What is expected: Your answer should hold exactly the lines below from the line with "587. Romantic Times" through the line with "青年节 男 青年 篮球场 篮球 原创 插画 男青年 打篮球 运动 篮球框", both included, and no pictures at all.

The records:
★ ★ ★ ★ ★

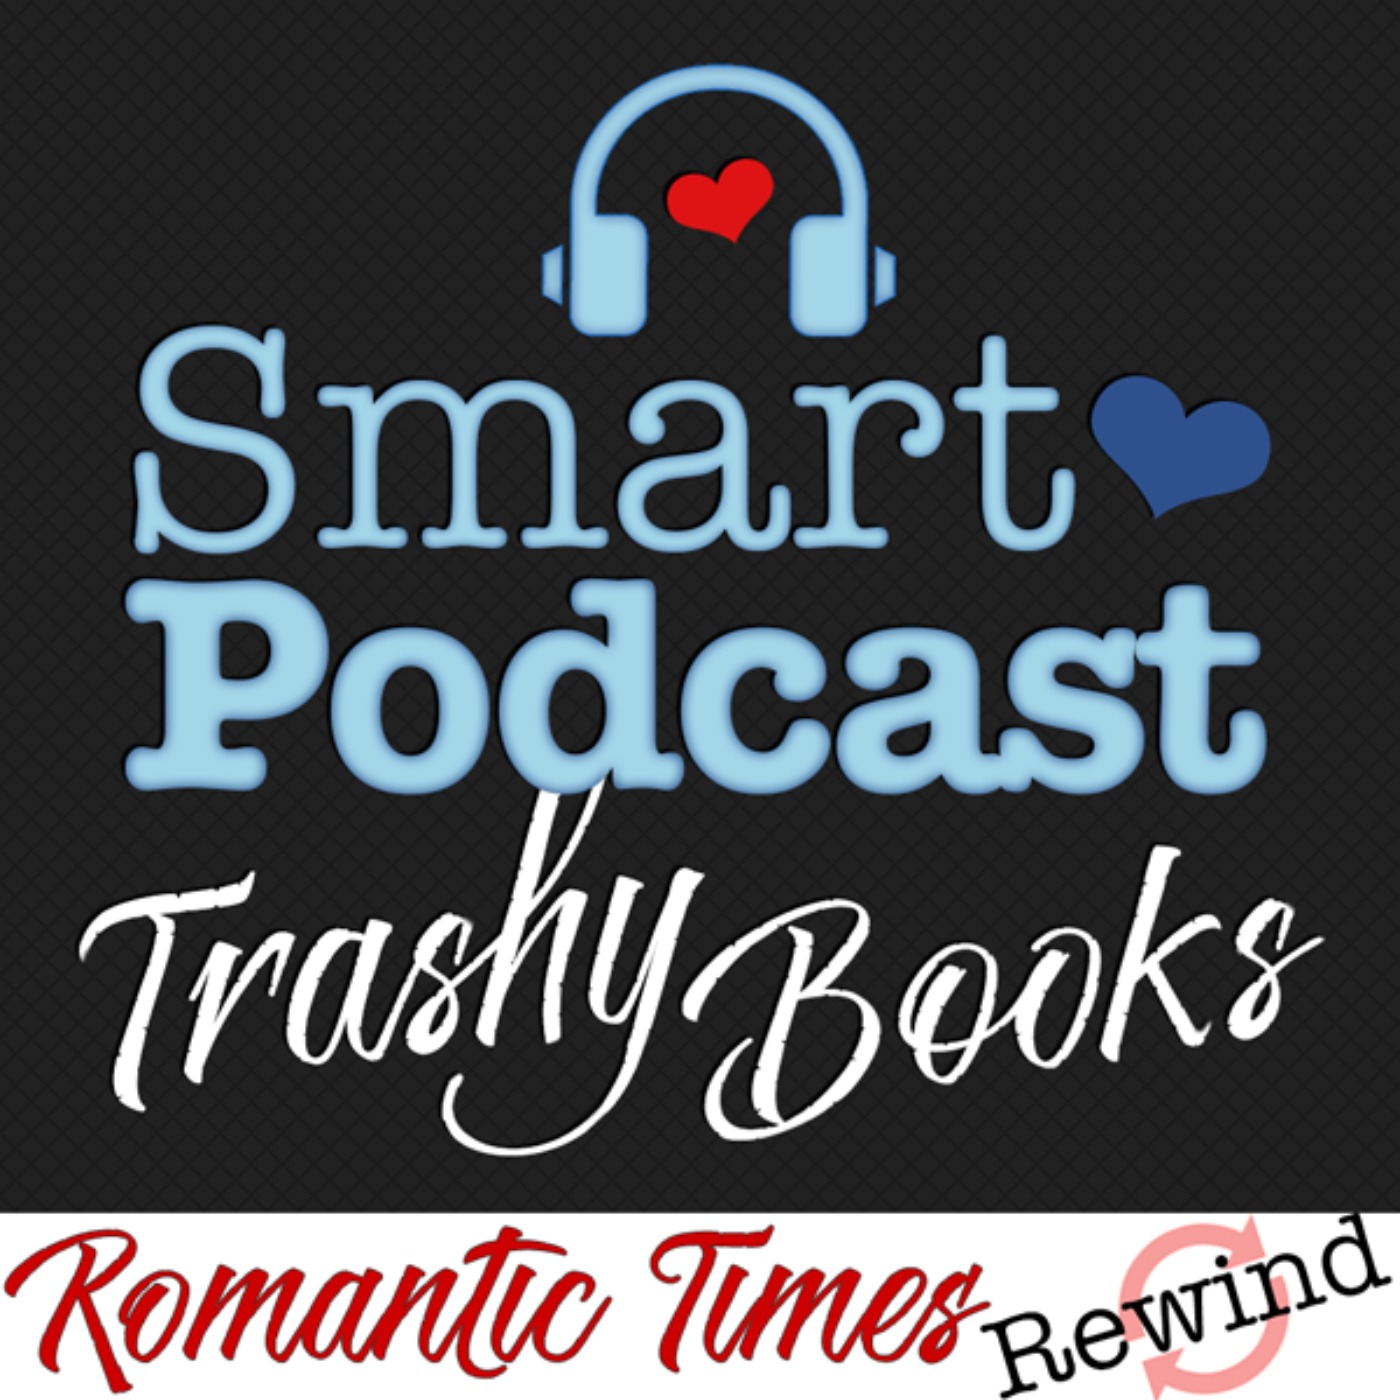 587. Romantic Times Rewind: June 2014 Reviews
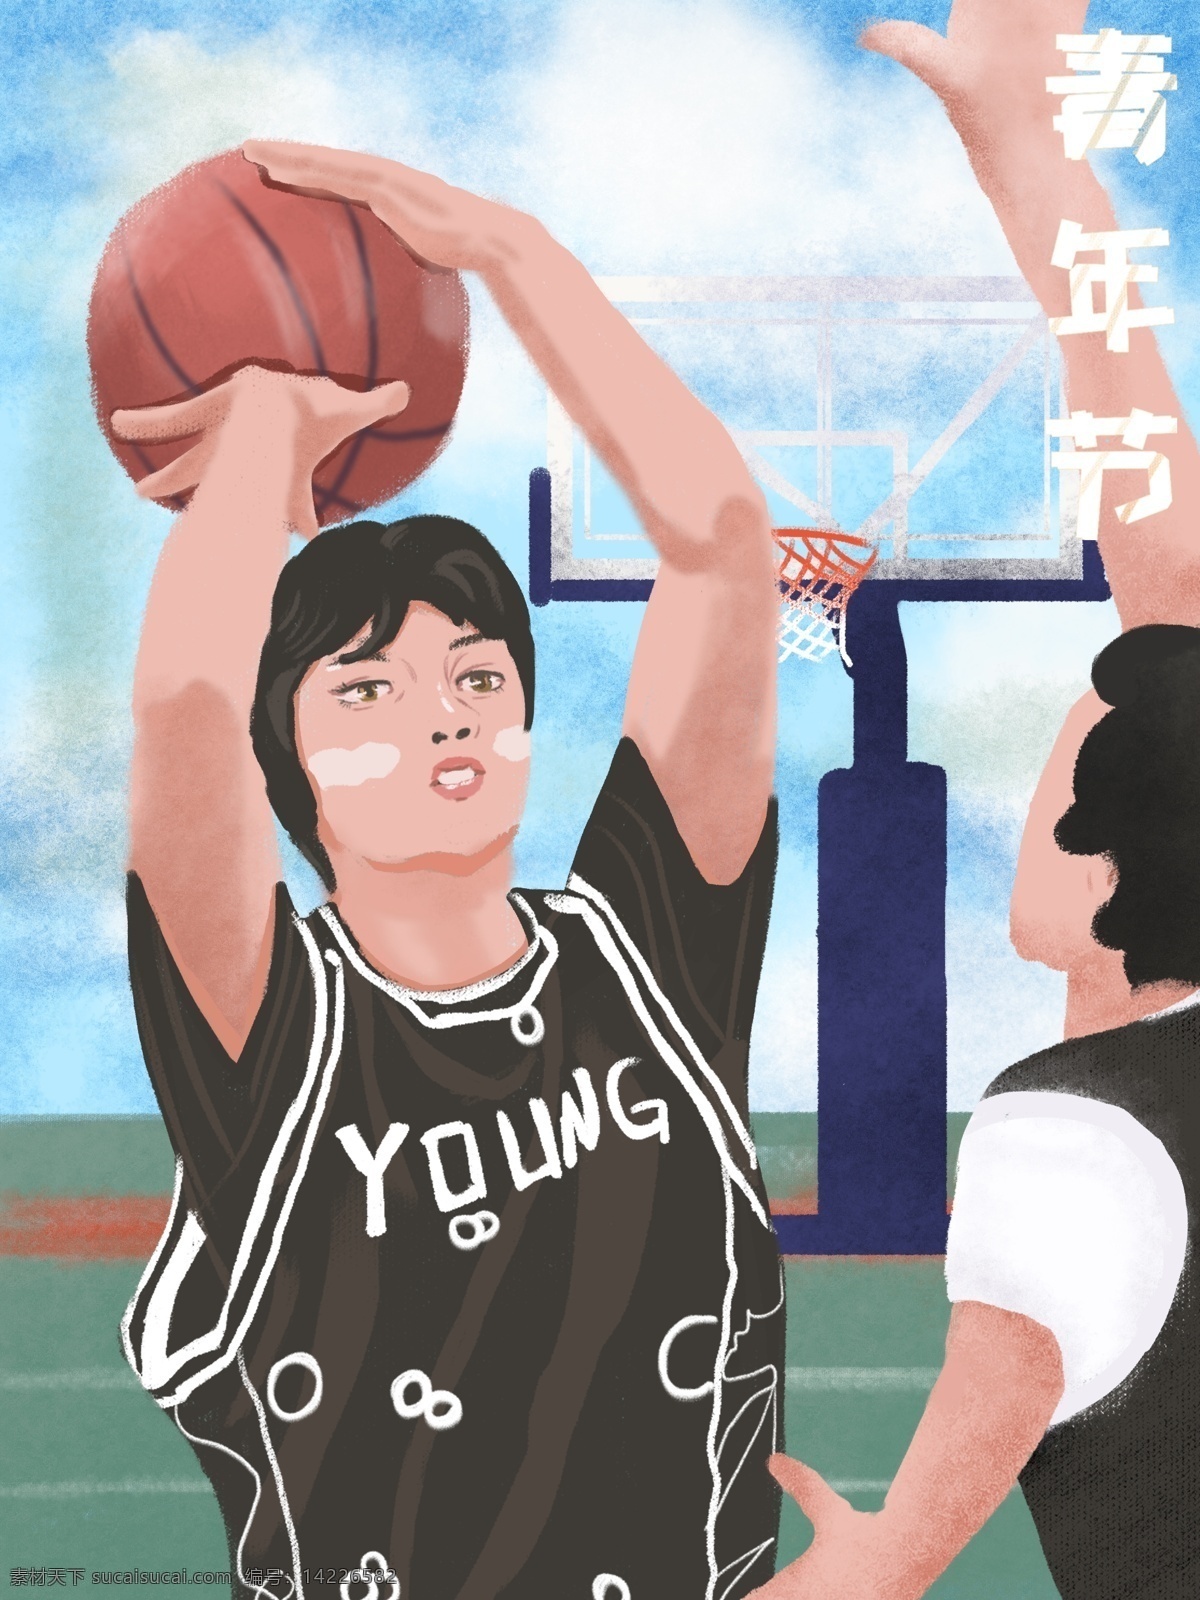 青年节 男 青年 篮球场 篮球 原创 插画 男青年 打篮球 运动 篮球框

★ ★ ★ ★ ★

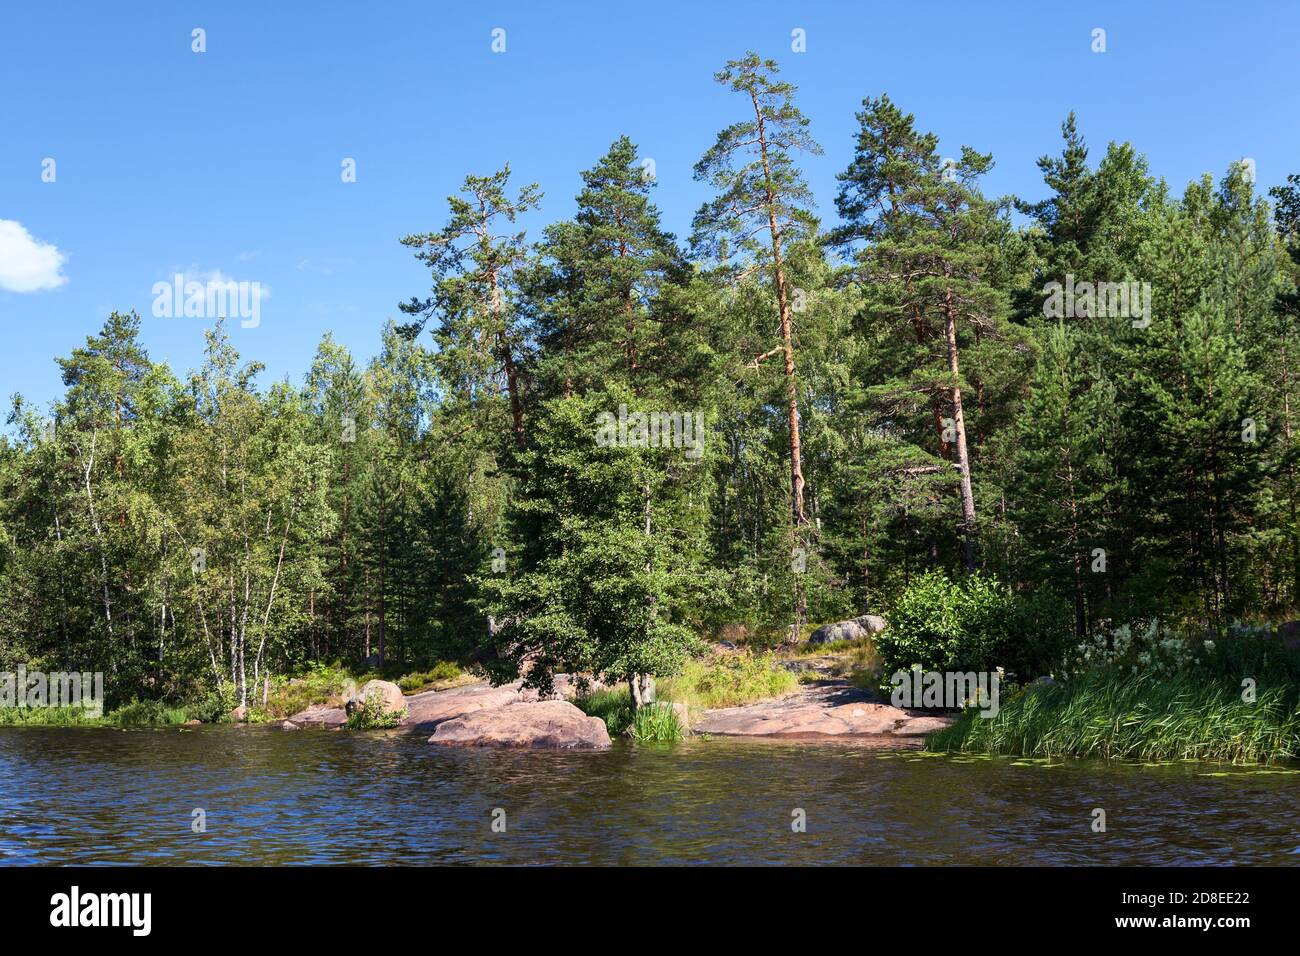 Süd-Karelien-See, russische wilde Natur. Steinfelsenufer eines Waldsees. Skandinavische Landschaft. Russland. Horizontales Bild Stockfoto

★ ★ ★ ★ ★

Exercise result:
 587. Romantic Times Rewind: June 2014 Reviews
 青年节 男 青年 篮球场 篮球 原创 插画 男青年 打篮球 运动 篮球框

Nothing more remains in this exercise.